# [WHAT TO WORK ON]
Write out, word for word and with no pictures, each line below from the one containing "Asket Narrow Medium Italic image" through the one containing "Lenovo ThinkPad L590: A", both included, and no other line.

# [INFORMATION GIVEN]

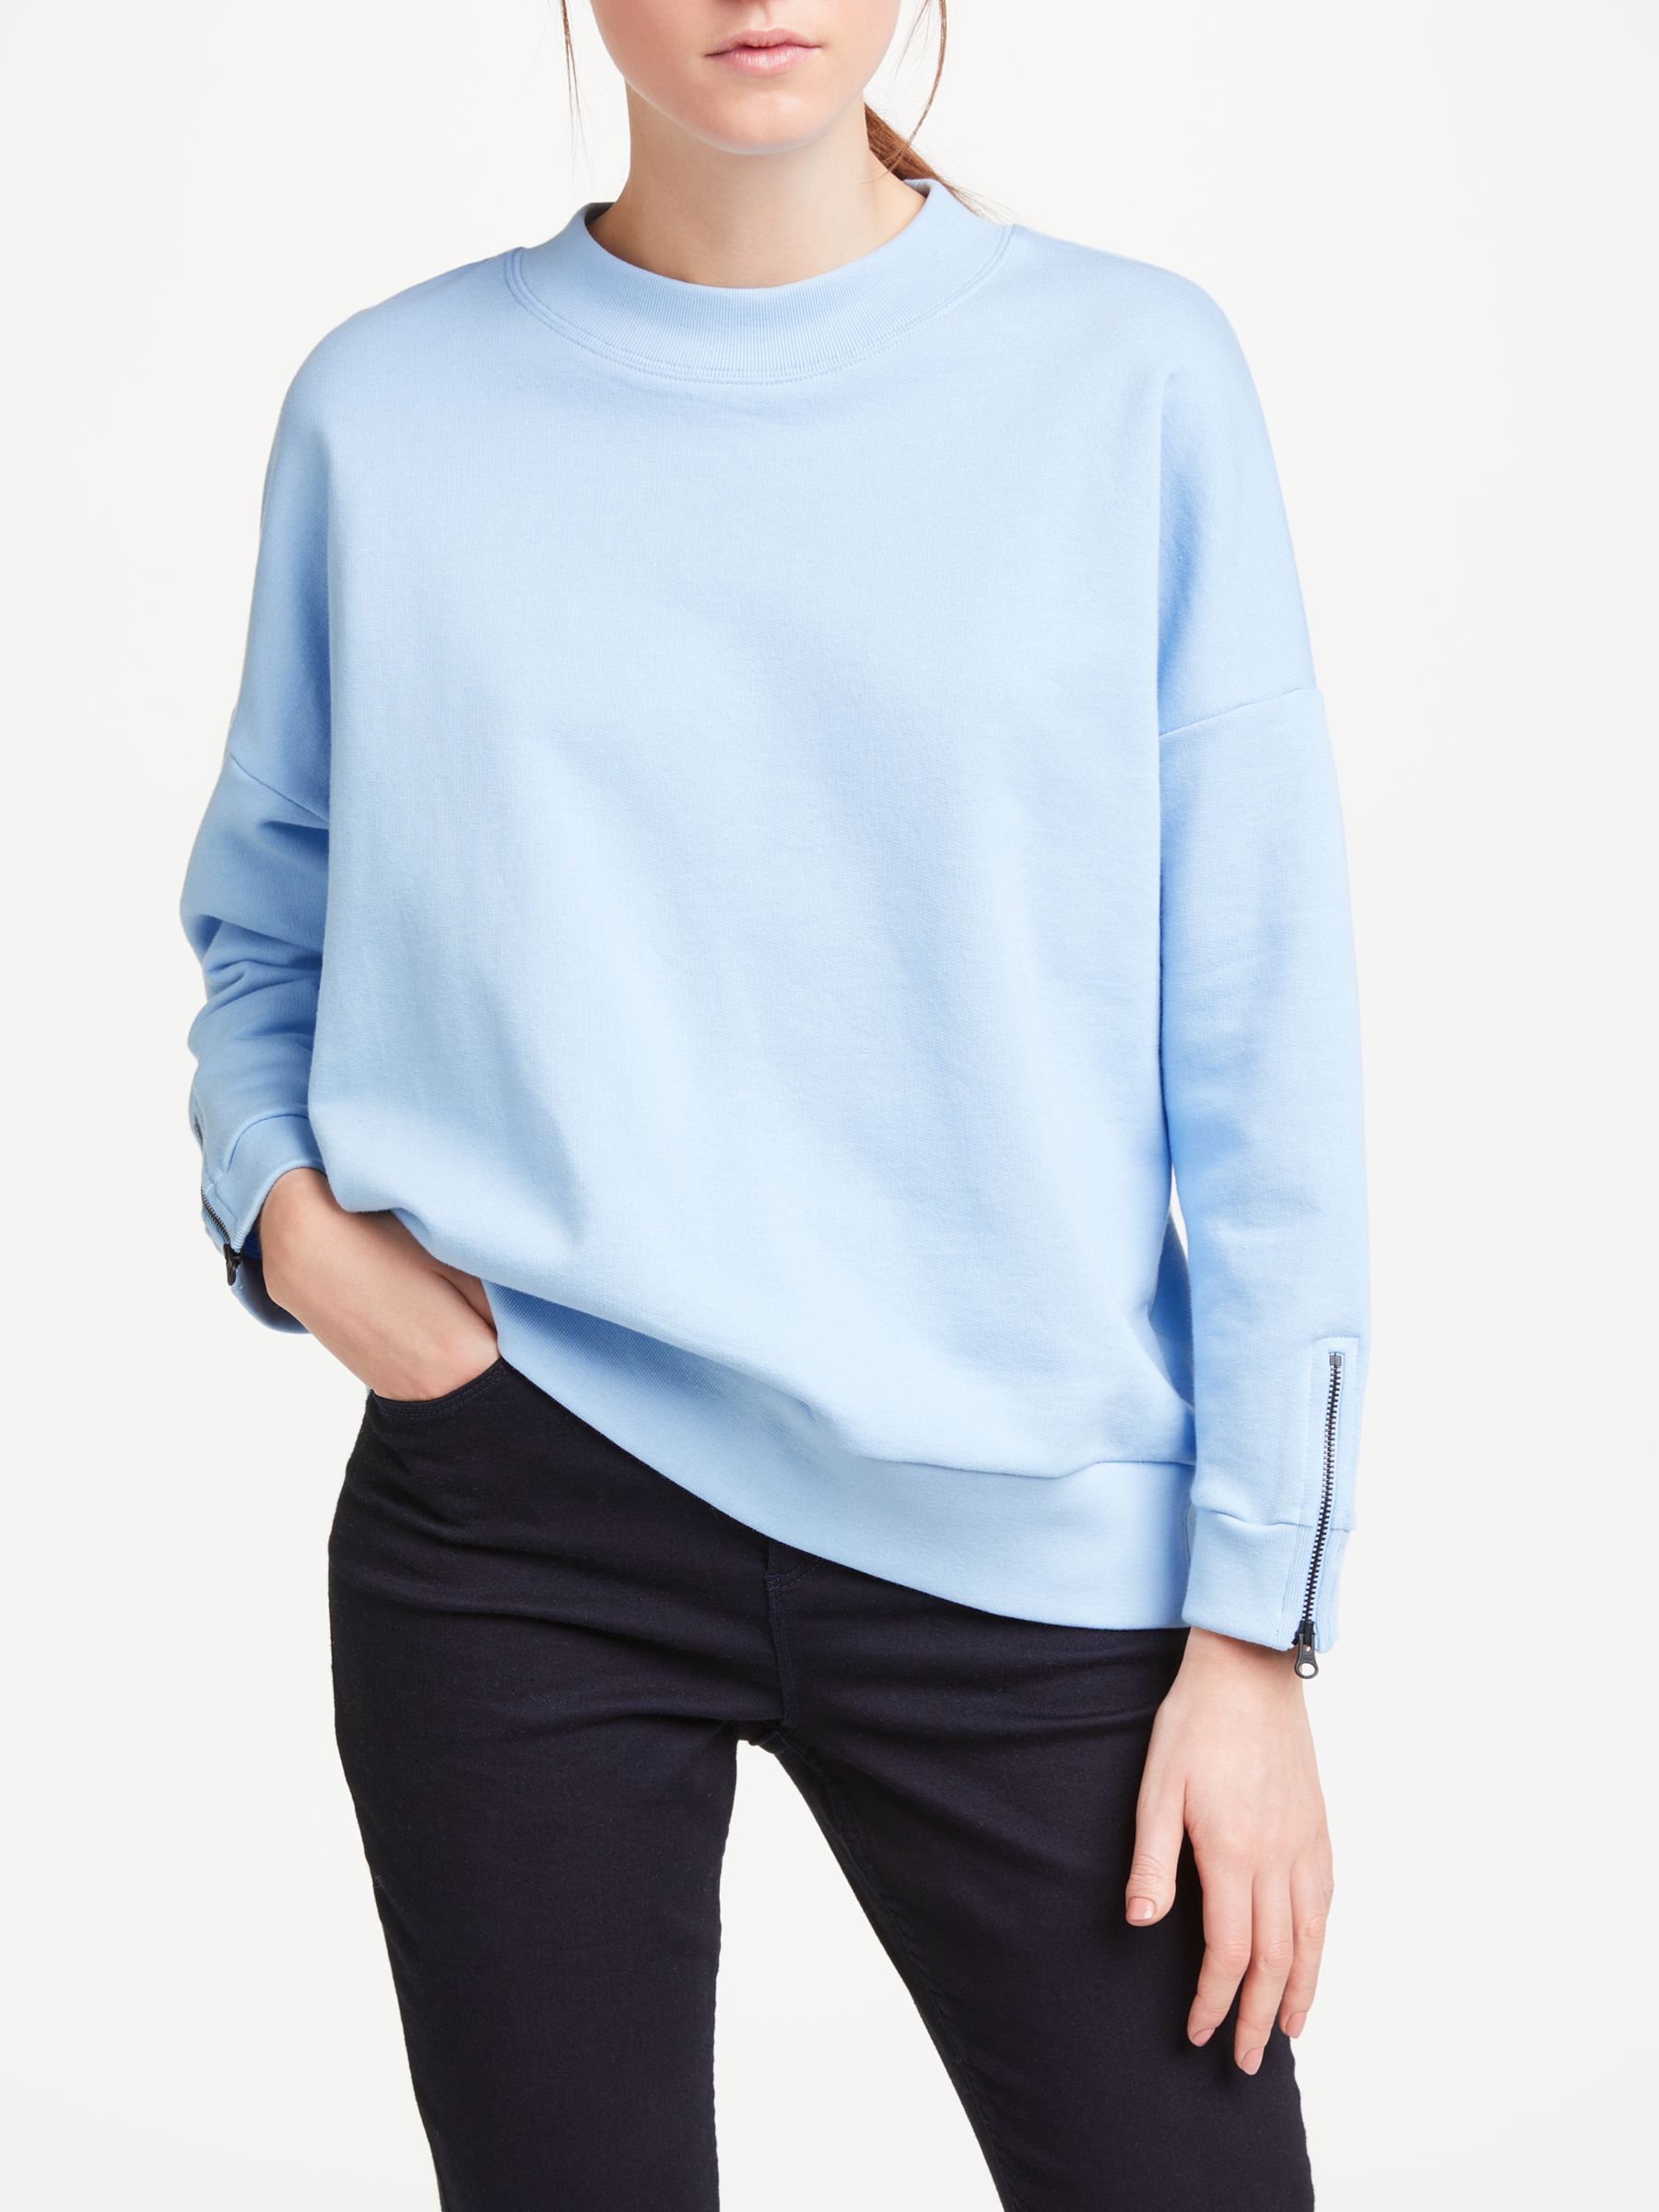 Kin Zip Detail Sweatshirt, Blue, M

==

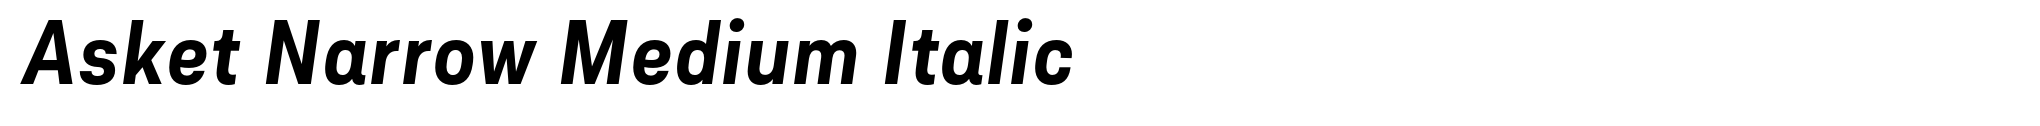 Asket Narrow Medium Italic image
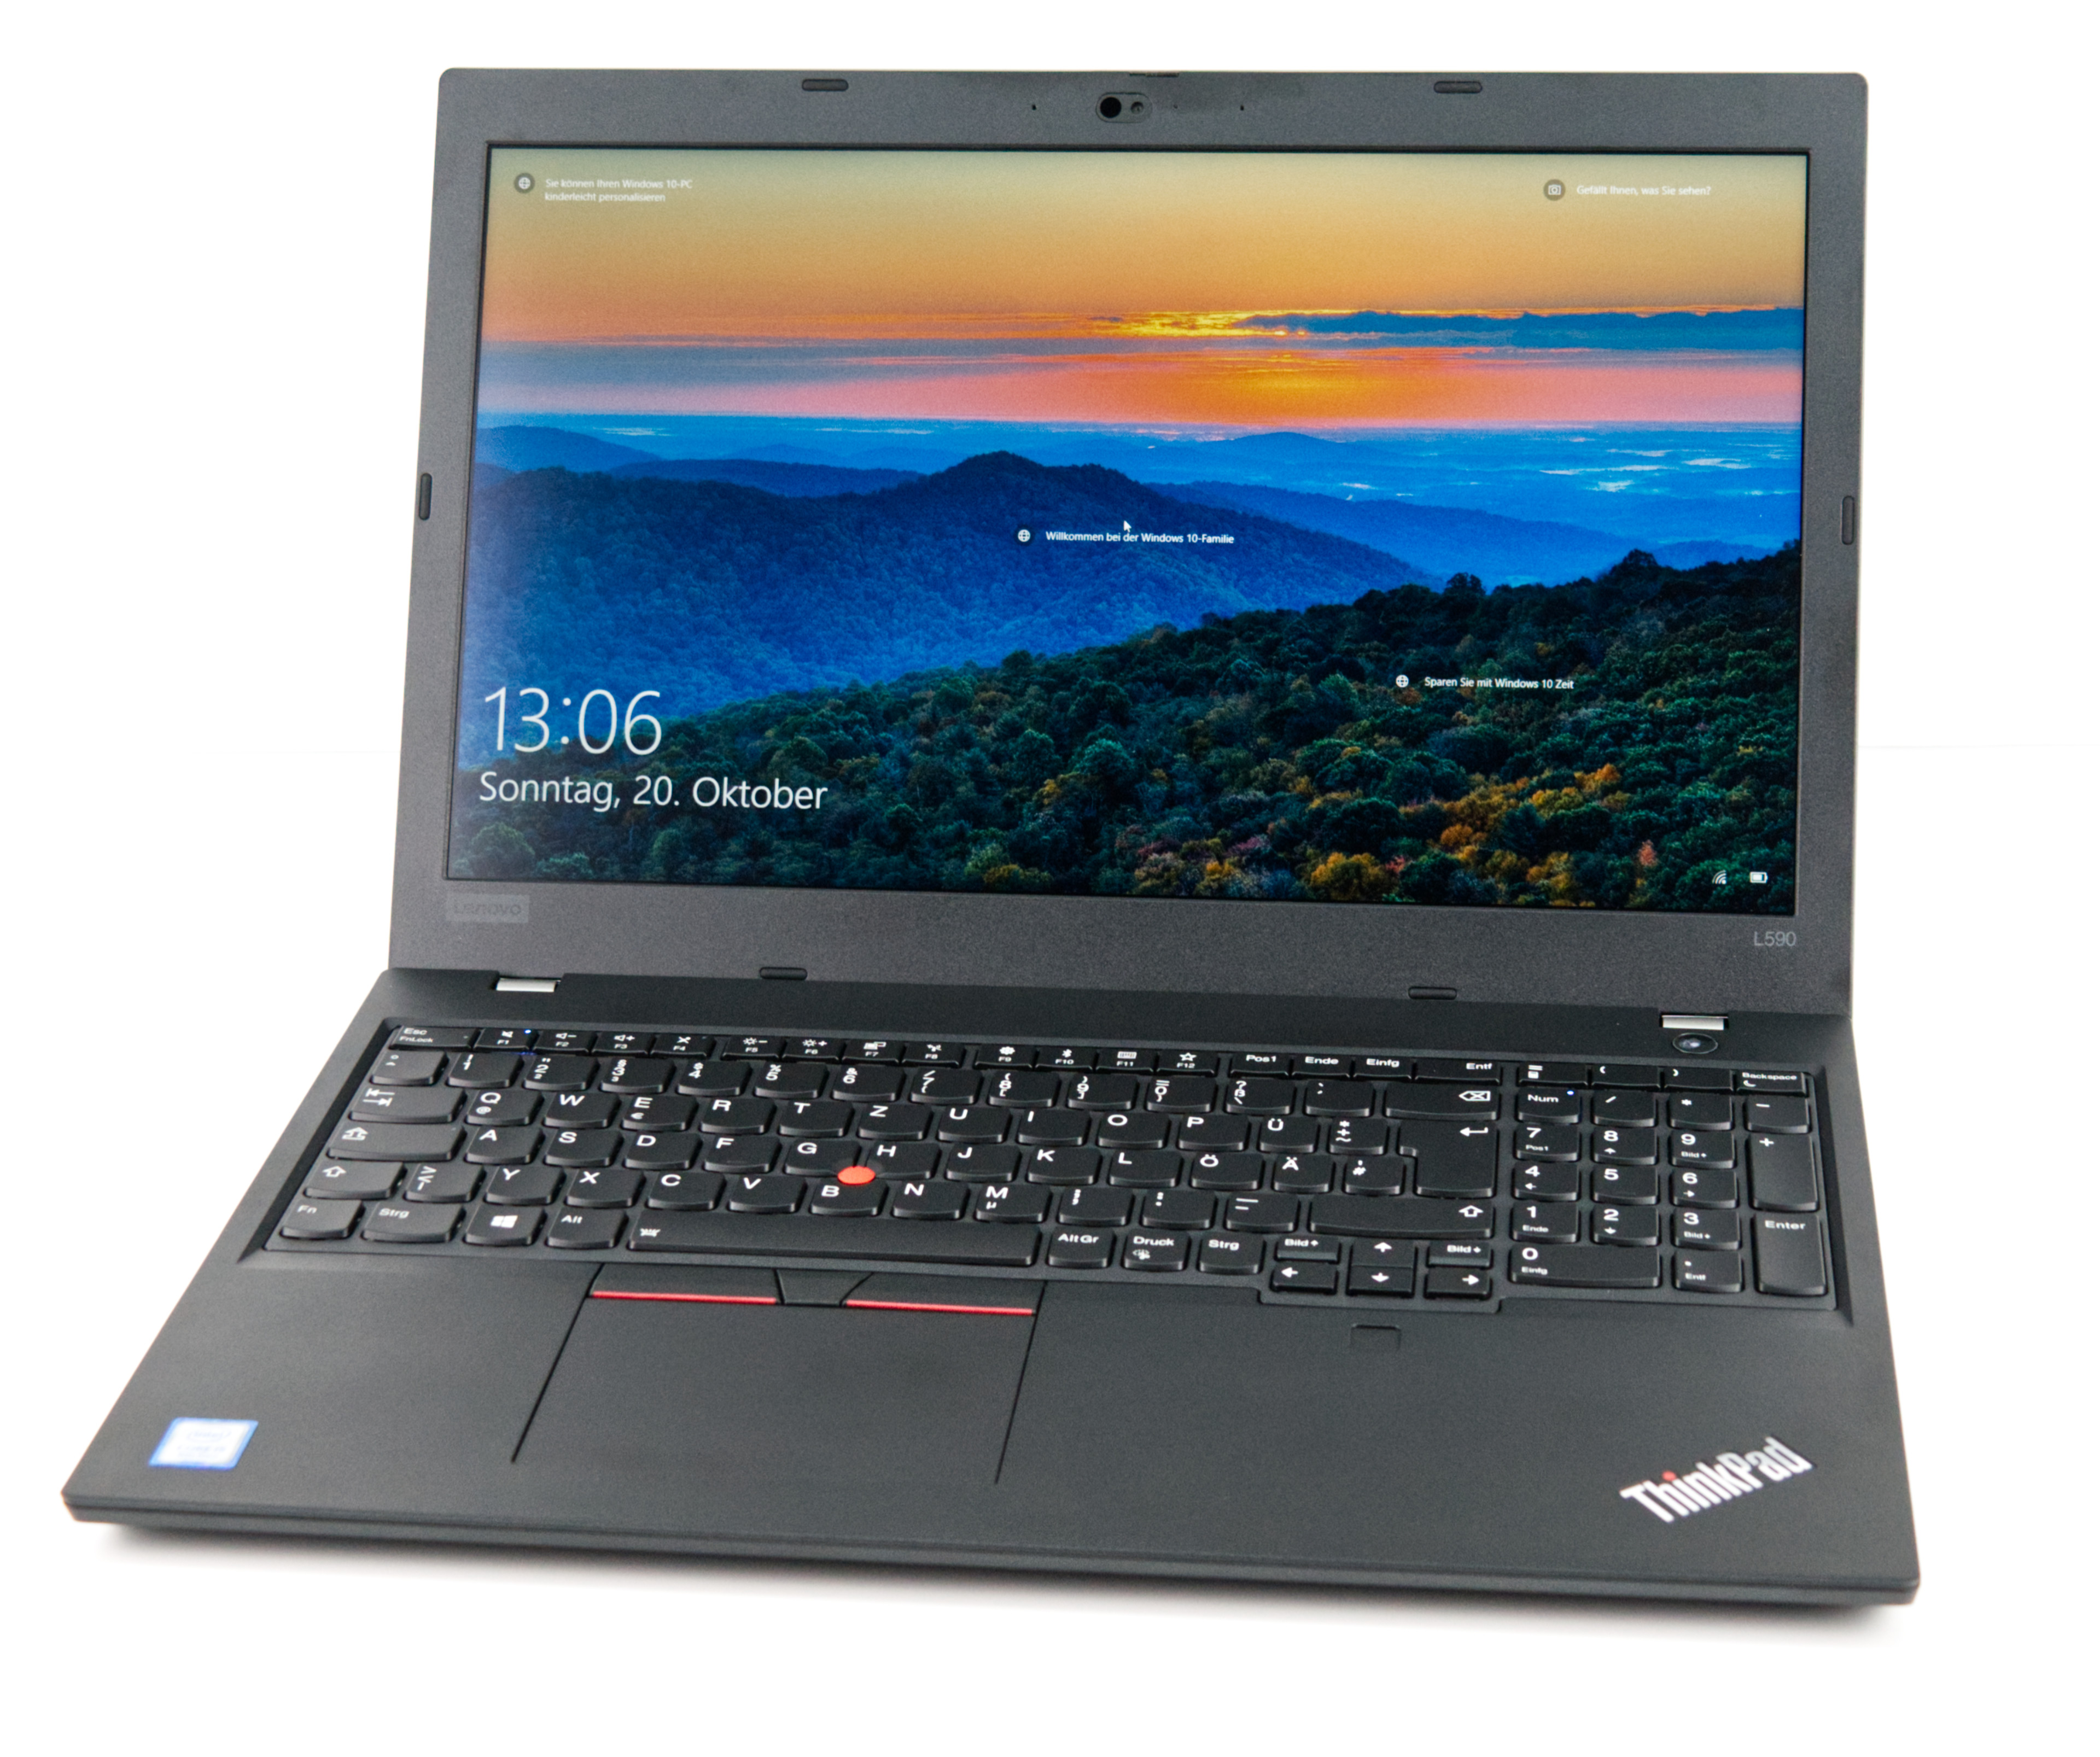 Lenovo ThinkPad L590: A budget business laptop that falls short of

==

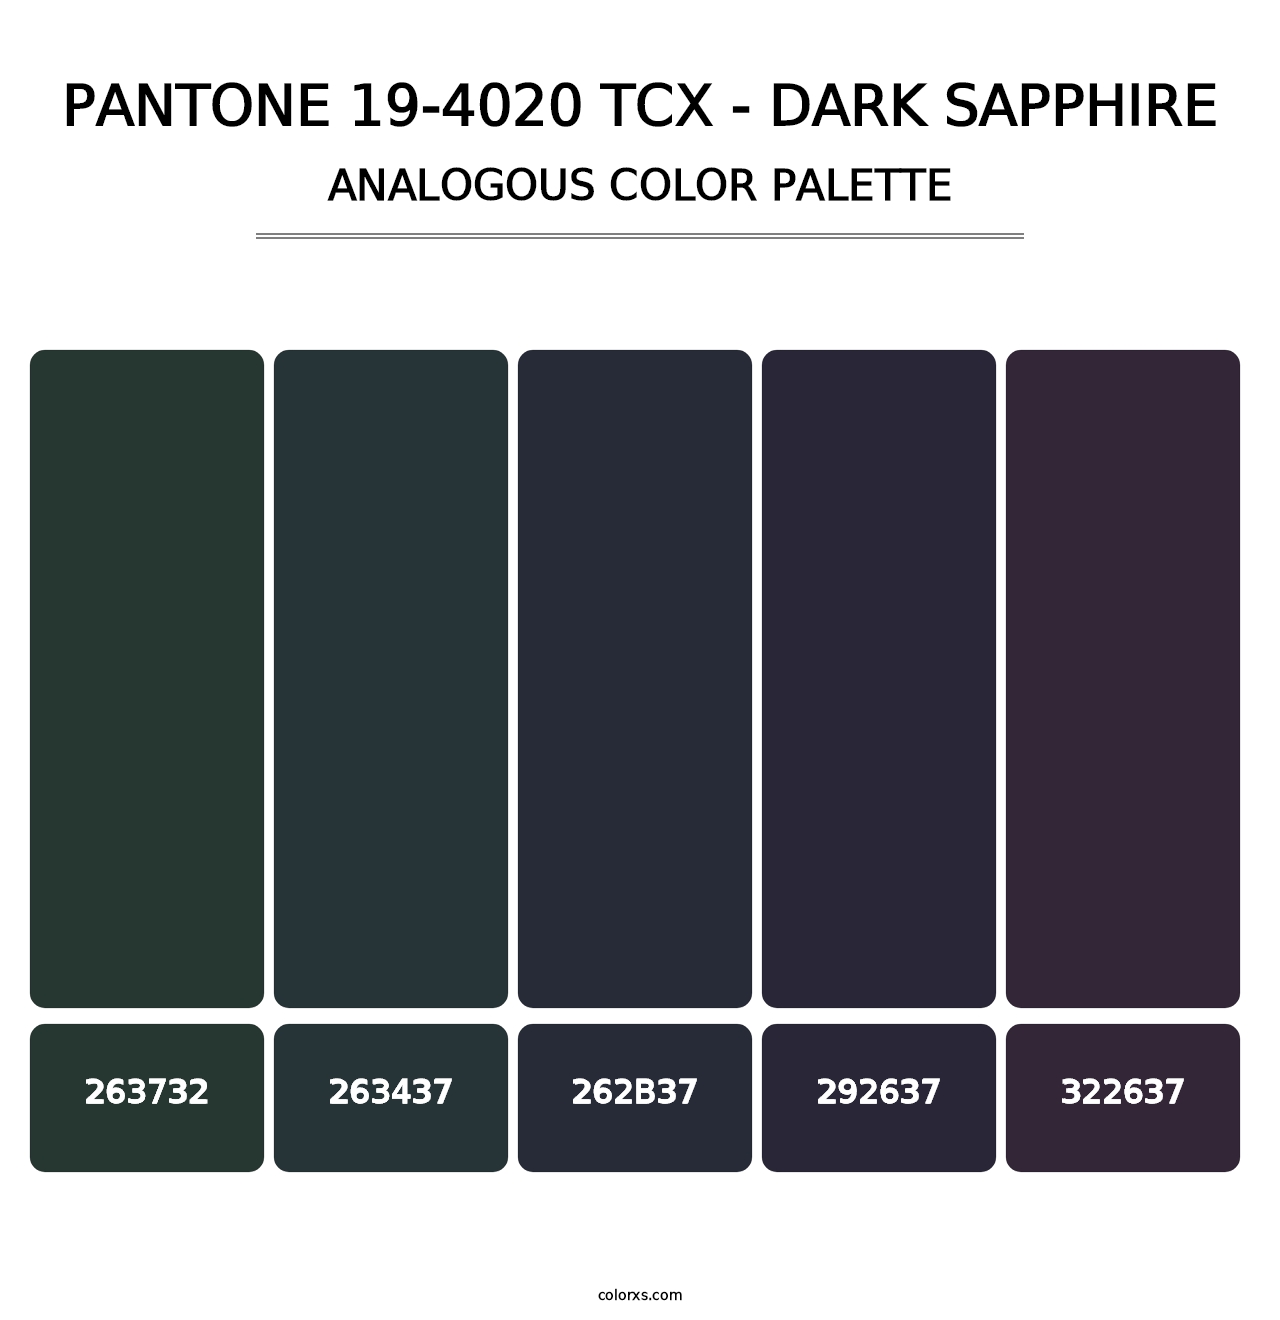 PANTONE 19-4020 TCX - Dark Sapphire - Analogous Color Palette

# [WRITTEN SOLUTION]
 Asket Narrow Medium Italic image
 Lenovo ThinkPad L590: A budget business laptop that falls short of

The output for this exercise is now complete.